A shutdown hook is simply an initialized but unstarted thread. When the virtual machine begins its shutdown sequence it will start all registered shutdown hooks in some unspecified order and let them run concurrently. When all the hooks have finished it will then run all uninvoked finalizers if finalization-on-exit has been enabled. Finally, the virtual machine will halt. Note that daemon threads will continue to run during the shutdown sequence, as will non-daemon threads if shutdown was initiated by invoking the exit method.

(emphasis mine)

So you see, it is indeed part of the shutdown hook's job to tell threads that they should leave their loops and clean up.
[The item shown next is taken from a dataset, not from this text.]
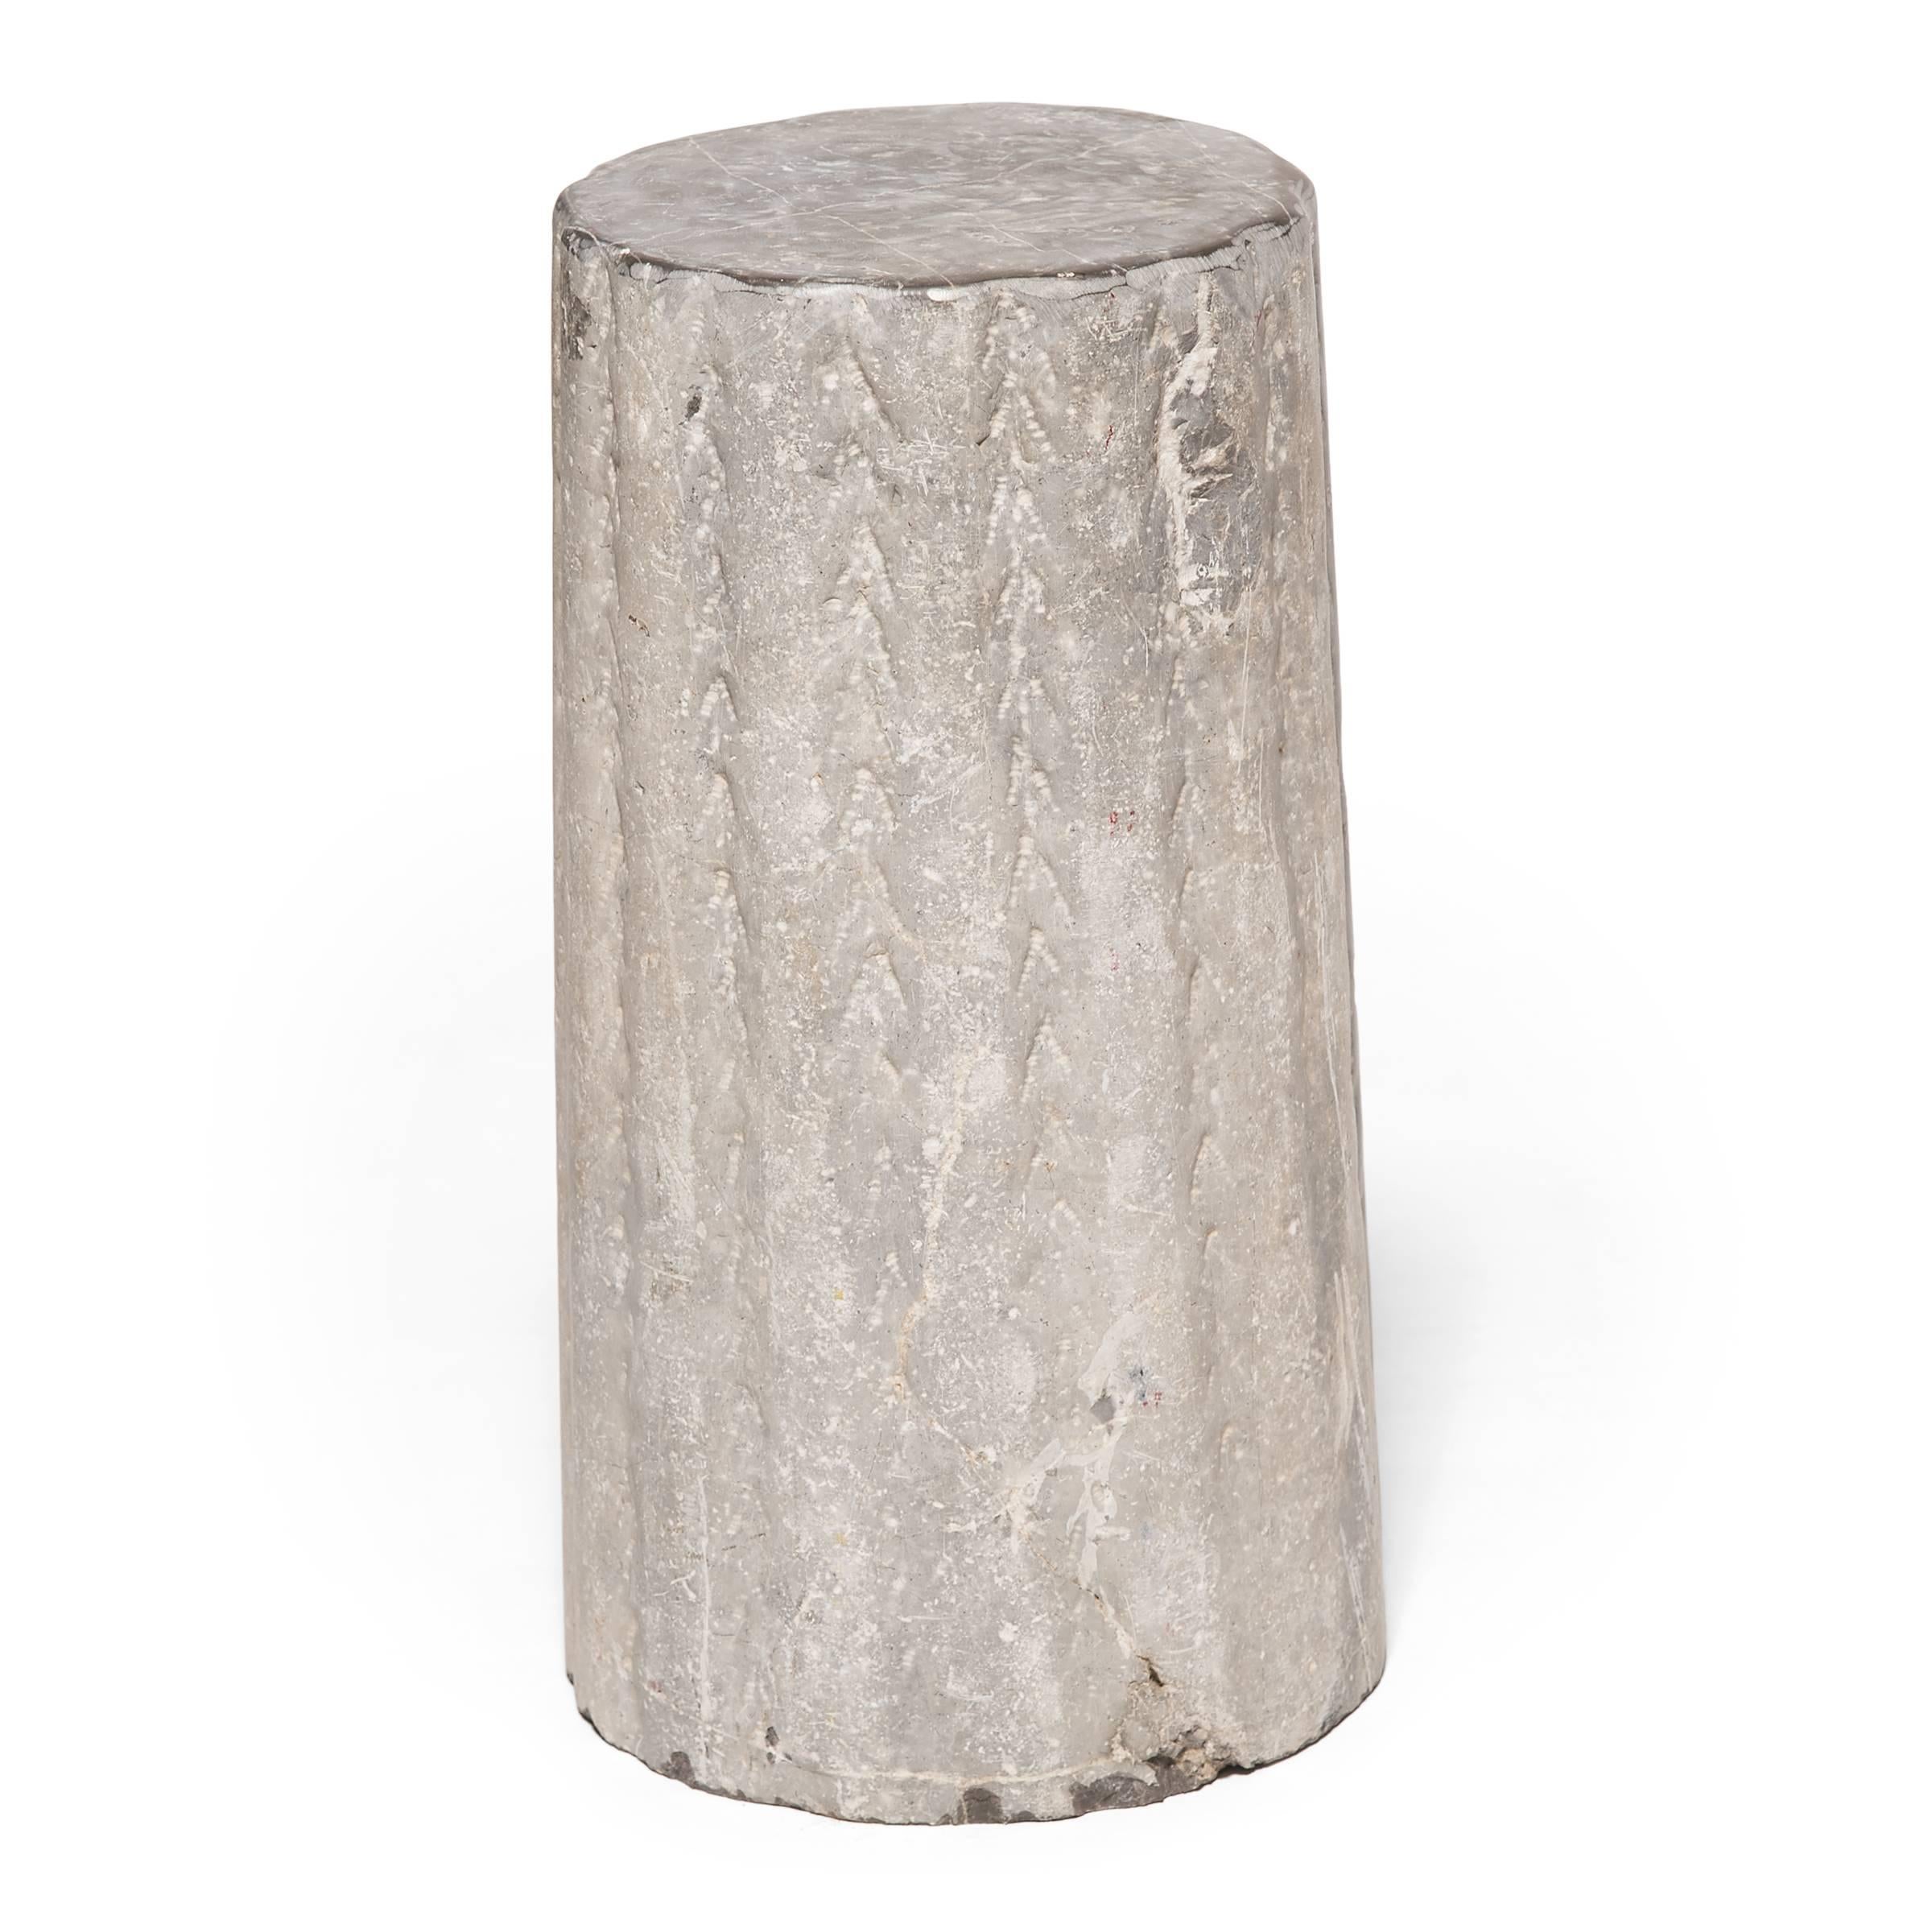 With a textured and ribbed surface, this hand-carved stone once ground grain and nuts at a Hebei province wind or watermill. Over a hundred years old, the stone’s surface has worn down through use, leaving only a hint of its original texture. A

Another misconception you have is about giving the thread a high priority. A high priority doesn't mean that the thread will run first, before all other hooks. It merely means that whenever the operating system has to make a decision which of the threads which are in "ready to run" state to give to a CPU to run, a high-priority thread will have a higher probability of "winning" - depending on the operating system's scheduling algorithm. In short, it may get a little more CPU access, but it will not - especially if you have more than one CPU core - necessarily start before other threads or complete before them.

One last thing - if you want to use a flag to tell a thread to stop working, that flag should be volatile.